Let’s suppose we take a coin and, armed with infinite patience, toss it 1000 times, getting heads 560 times. We all know that the probability of getting heads is 0.5, so if you throw the coin 1000 times we expected to get an average number of 500 heads. But we’ve got 560, so we can consider two possibilities that come to mind immediately.

First, the coin if fair and we’ve got 60 more heads just by chance. This will be our null hypothesis, which says that the probability of getting heads [P(heads)] is equal to 0.5. Second, our coin is not fair, but it is loaded to obtain more heads. This will be our alternative hypothesis (Ha), which states that P(heads) > 0.5.

Well, let’s make a hypothesis testing using one of the binomial probability calculators that are available on the Internet. Assuming the null hypothesis that the coin is fair, the probability to obtain 560 heads or more is 0.008%. Being it lower than 5%, we reject our null hypothesis: the coin is loaded.

Now, if you look well at it, the alternative hypothesis has a directionality towards P(heads) > 0.5, but we could have hypothesized that the coin were not fair without presupposing it was load in favor of heads or tails: P(heads) not equal to 0.5. In this case we would calculate the probability to get a number of heads that were 60 above or below 500, in both directions. This probability values 0.016%, so we’d reject our null hypothesis and would conclude that the coin is not fair. The problem is that the test doesn’t tell us in what direction it’s loaded but, in the face of the results, we assume it favors heads. In the first example we did a one-tailed test, while in the second we have made a two-tailed test.

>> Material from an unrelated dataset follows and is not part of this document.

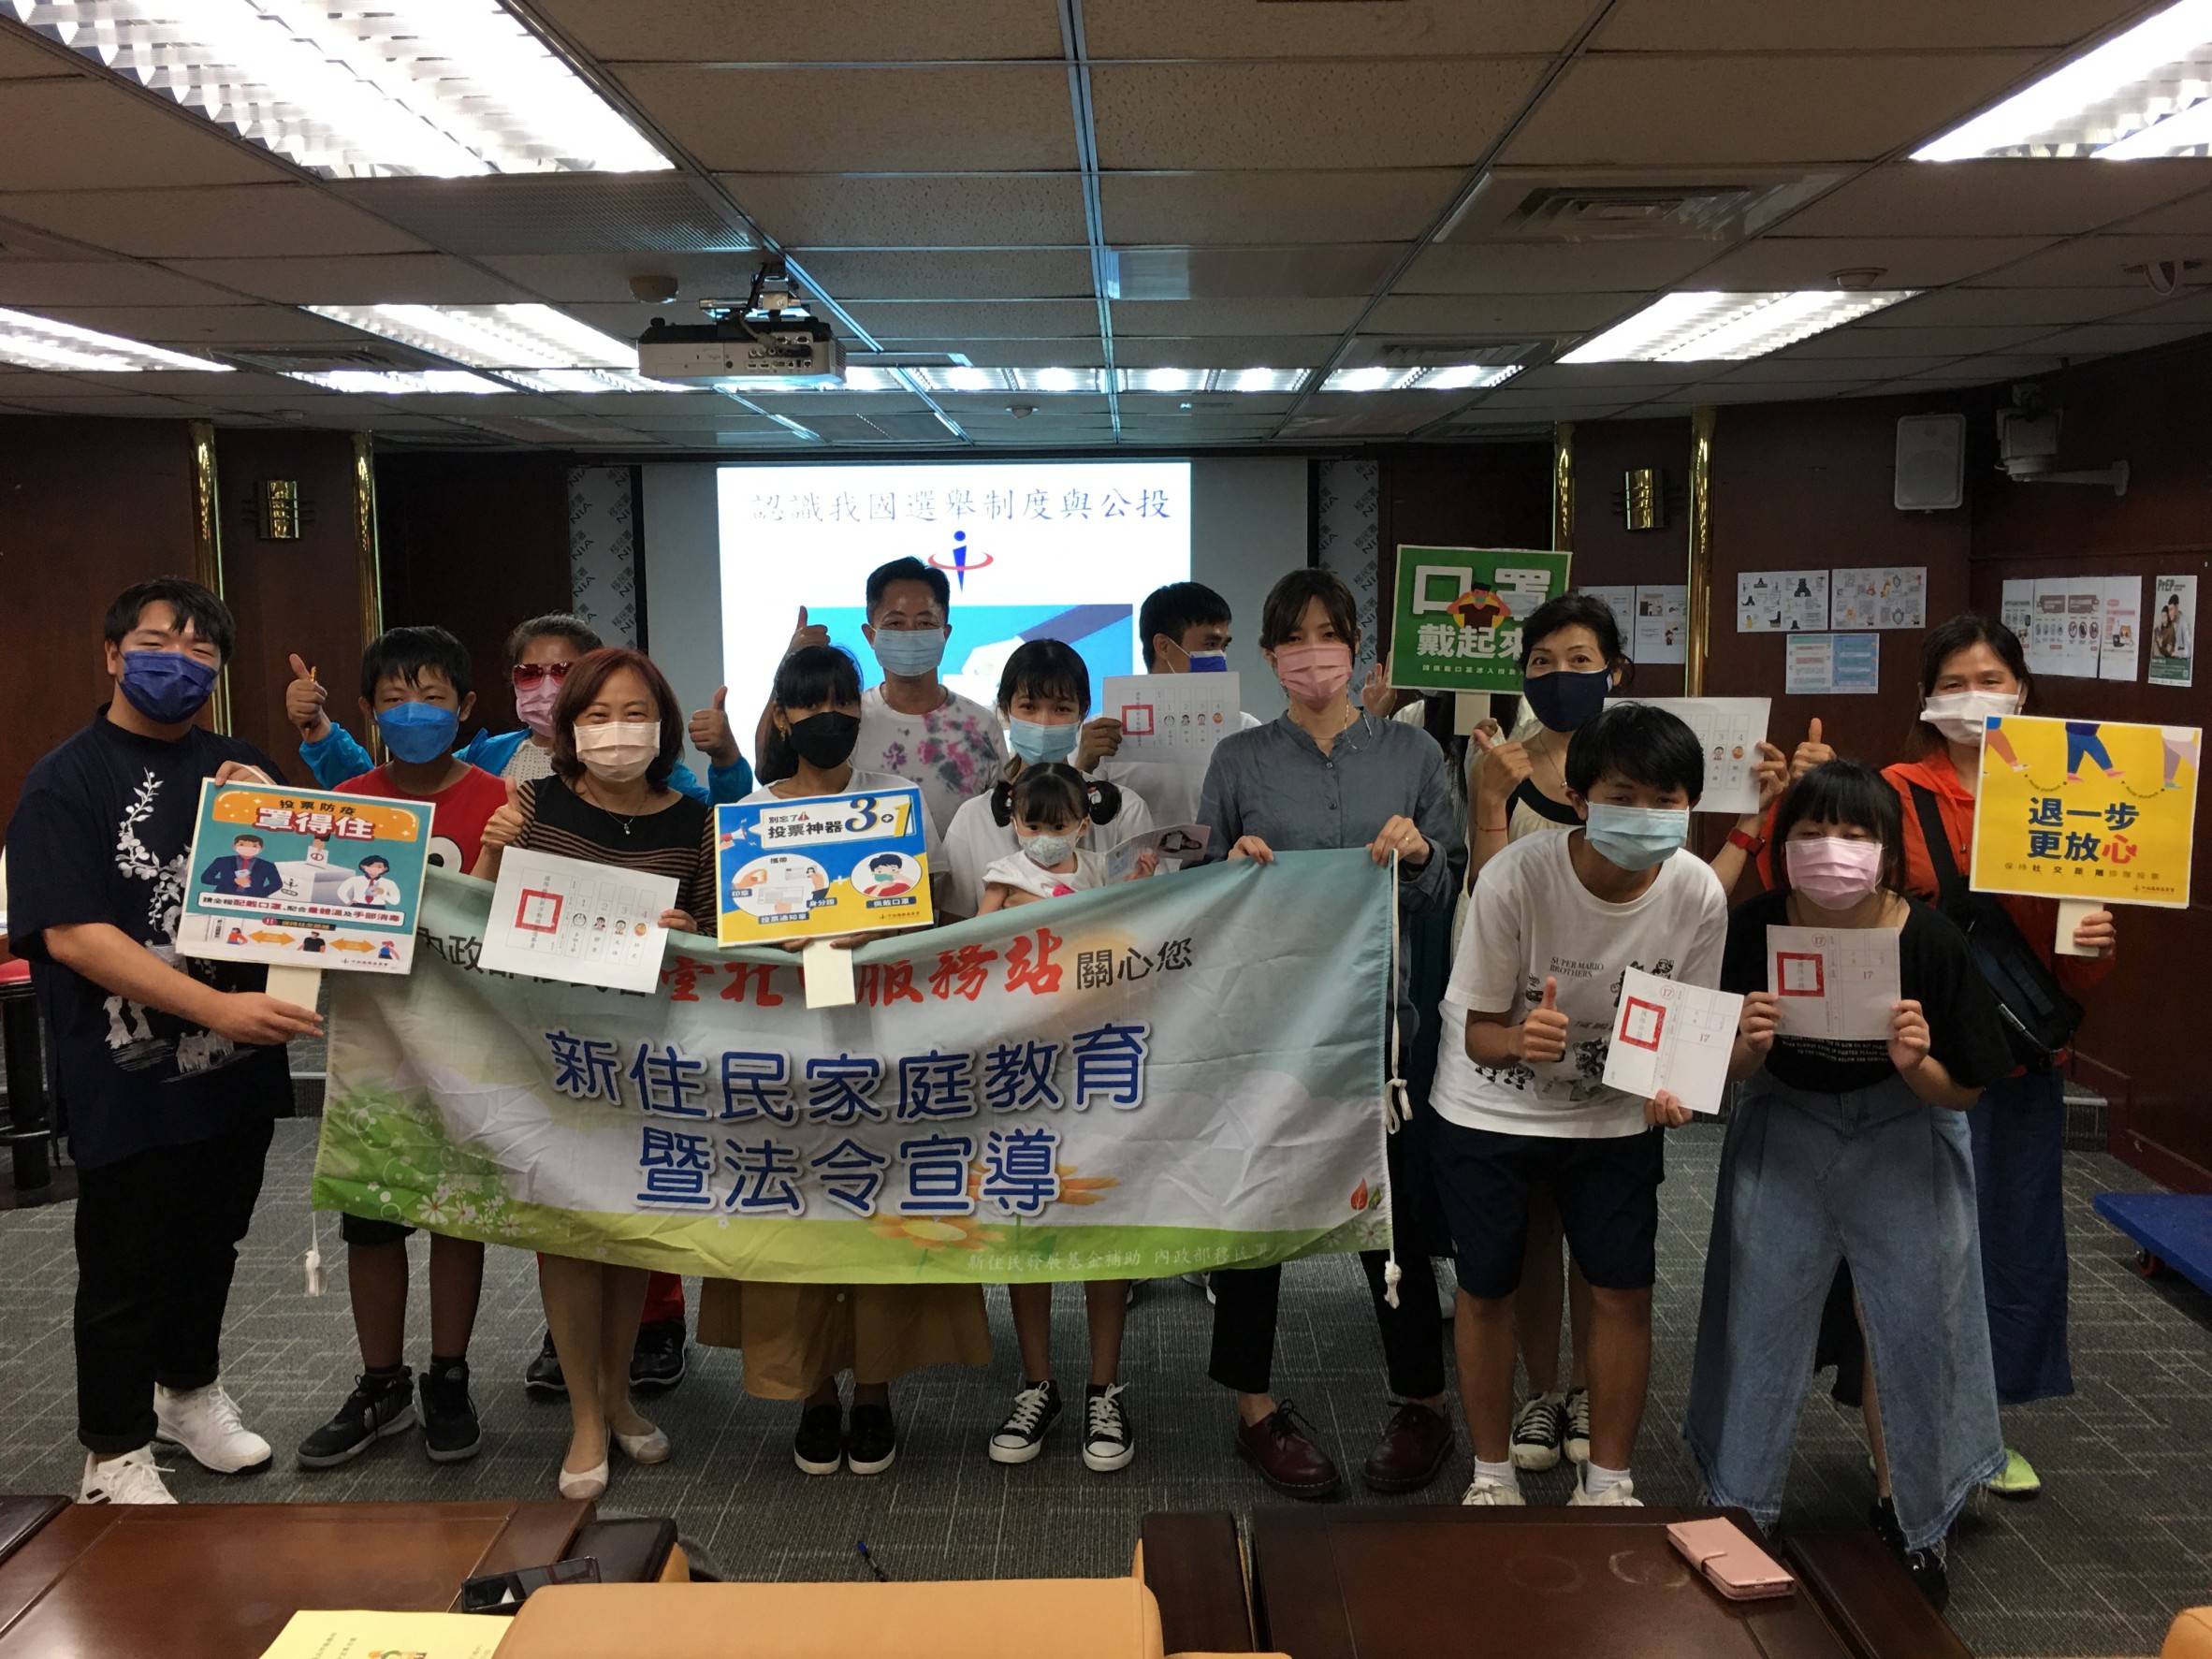 Kantor Layanan Imigrasi Kota Taipei menyelenggarakan kegiatan pendidikan keluarga bagi penduduk baru terkait prosedur dan pelaksanaan referendum. Sumber: Kantor Layanan Imigrasi Kota Taipei

In the figure, you can see the probability areas in both tests. In the one-tailed test, the red small area on the right represents the probability that the difference from the expected value is due to chance. In the two-tailed test, this area is doubled and located on both sides of the probability distribution. Notice that two-tailed p’s value doubles the one-tailed value. In our example, both p values are so low that we can reject the null hypothesis in any case. But this is not always so, and there may be occasions when the researcher chooses to do a one-tailed test to get statistical significance that is not possible with the two-tailed test.

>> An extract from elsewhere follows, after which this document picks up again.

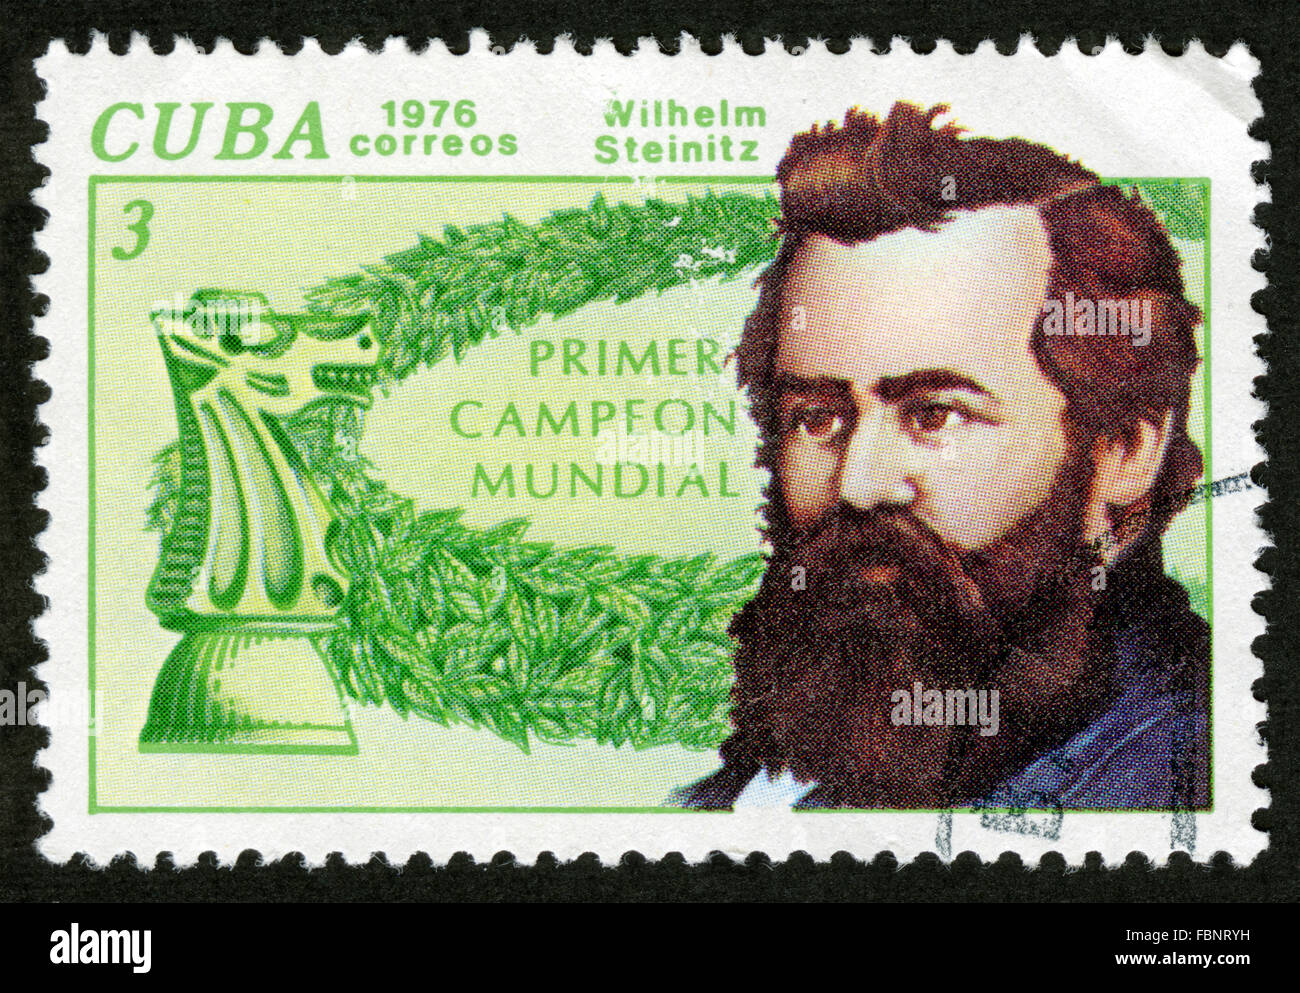 Cuba,1976,post mark,stamp. Wilhelm Steinitz ,Chess Stock Photo

And I’m saying one of the two tails because we have calculated the right tail probability, but we could have calculated the probability of the left tail. Consider the unlikely event that even though the coin is loaded favoring tails, we have got more heads just by chance. Our Ha now says that P(heads) < 0.5. In this case we’d calculate the probability that, under the null hypothesis that the coin is fair, we can get 560 tails or less. This p-value is 99.9%, so we cannot reject our null hypothesis that the coin is fair.

But, what is going on here?, you’ll ask. The first hypothesis test we did allowed us to reject the null hypothesis and the last test says otherwise. Being the same coin and the same data, shouldn’t we have reached the same conclusion?. As it turns out, it seems not. Remember that the fact that we cannot reject the null hypothesis is not the same as to conclude that it is true, a fact we can never be sure of. In the last example, the null hypothesis that the coin is fair is a better option than the alternative that it is loaded favoring tails. However, that does not mean we can conclude that the coin is fair.

You see therefore how important it is to be clear about the meaning of the null and alternative hypothesis when doing a hypothesis testing. And always remember that, even though we cannot reject the null hypothesis it doesn’t mandatorily imply it is true. It could just happen that we haven’t enough power to reject it. This leads me to think about type I and type II errors and their relation with power and sample size. But that’s another story…